INTRODUCTION

Nicotine addiction continues to be the largest modifiable risk factor for morbidity and mortality in developed countries (Bergen and Caporaso, 1999) because of its causative link to cancer, cardiovascular, and respiratory diseases. The attributable risk of lung cancer due to smoking is 90%, with the burden of lung cancer being greater in African-Americans compared with European Americans (Haiman et al, 2006). The average 1975–2007 annual age adjusted per 100 000 incidence and mortality rates of lung cancer in African Americans was found to be 81.8 and 63.4, respectively, in comparison with 64.1 and 53.9 for European Americans (Ries et al, 2008). Recent genome-wide association studies (GWAS) have identified several genetic variants that influence nicotine intake, including a strong, replicated association between genetic variants in the chromosome 15 nicotinic receptor subunit cluster and smoking quantity in European Americans (Liu et al, 2010; Thorgeirsson et al, 2008; Thorgeirsson et al, 2010; Tobacco and Genetics Consortium, 2010).

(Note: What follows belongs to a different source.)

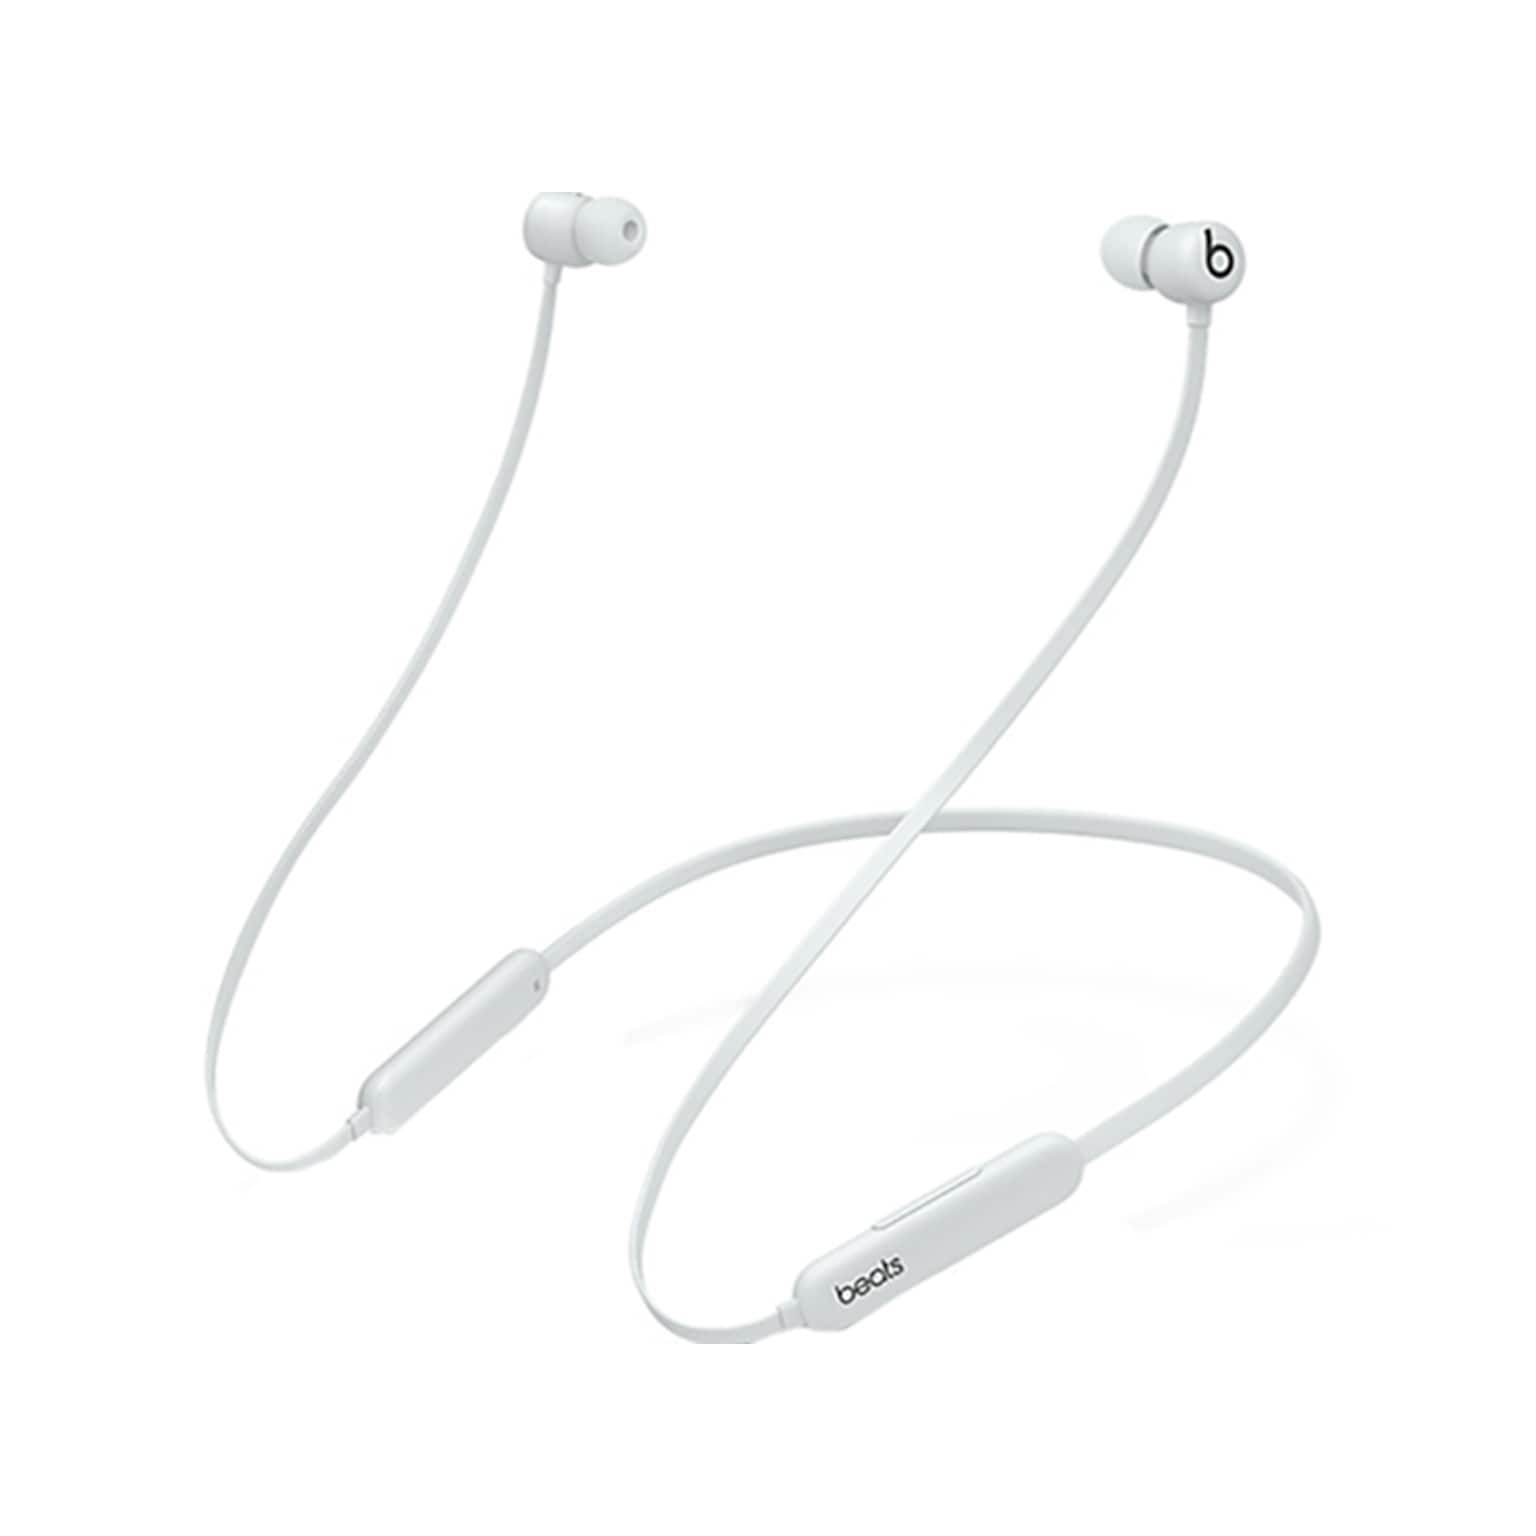 Beats Flex Noise Canceling Bluetooth Earbuds Accessory, Smoke Gray (MYME2LL/A)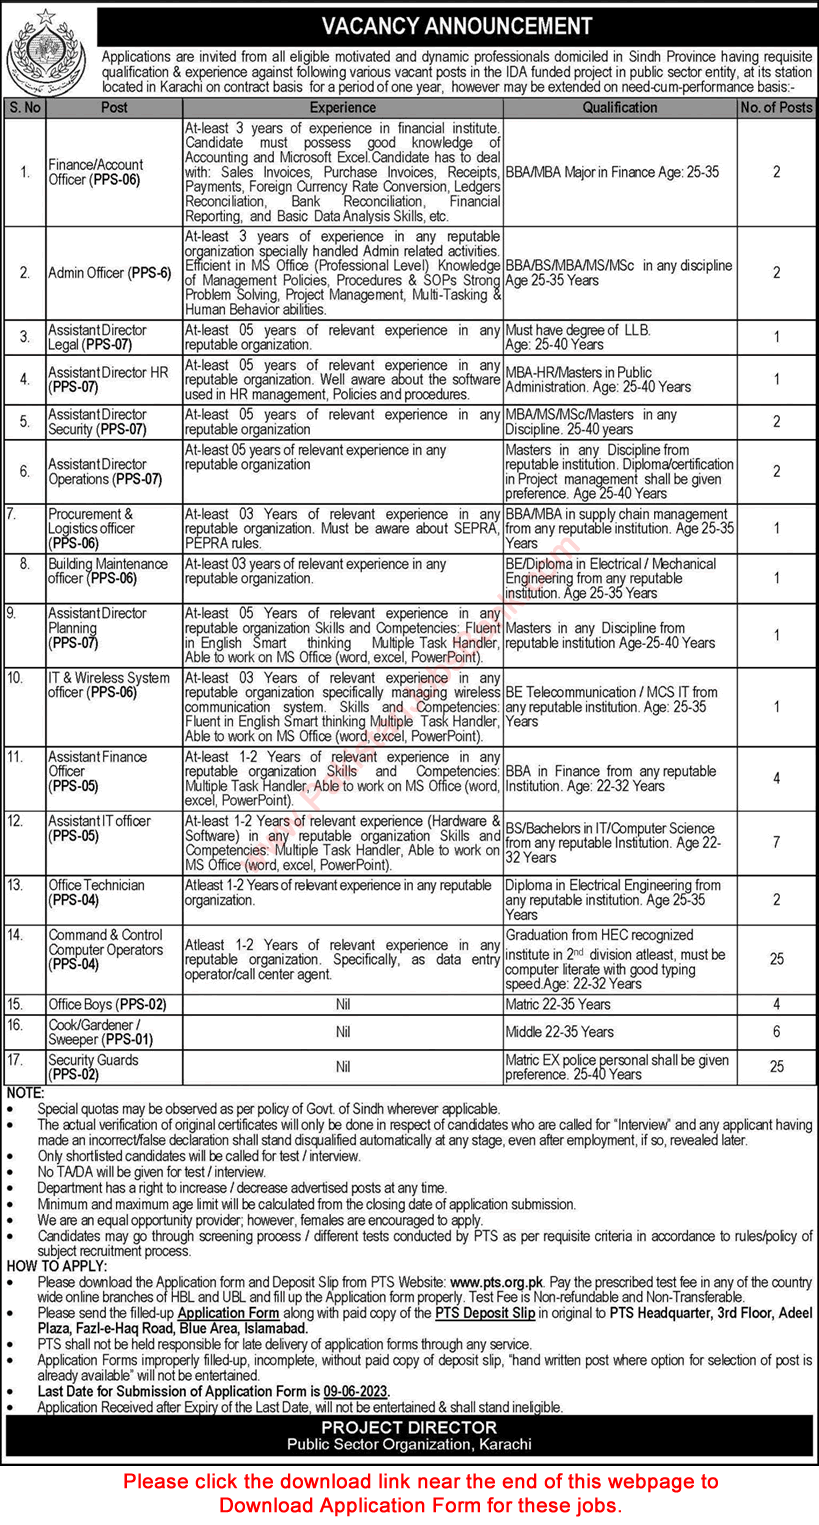 Public Sector Organization Karachi Jobs 2023 May / June PTS Application Form Computer Operators, Security Guards & Others Latest

Although genetic association studies have succeeded in identifying genetic variants on chromosome 15 that influence tobacco use, self-reported measures of smoking may not accurately reflect nicotine intake. Cotinine is the major metabolite of nicotine, with 75–80% of nicotine transformed to cotinine (Hukkanen et al, 2005; Swan et al, 2009). It has a longer half-life than nicotine, and it is widely used as a biomarker for nicotine exposure. Serum cotinine levels provide a more accurate measure of nicotine intake than self-reported cigarettes per day and the preference of using serum cotinine in research over cigarettes per day has been suggested in both genetic (Keskitalo et al, 2009) and non-genetic (Gorber et al, 2009) literature.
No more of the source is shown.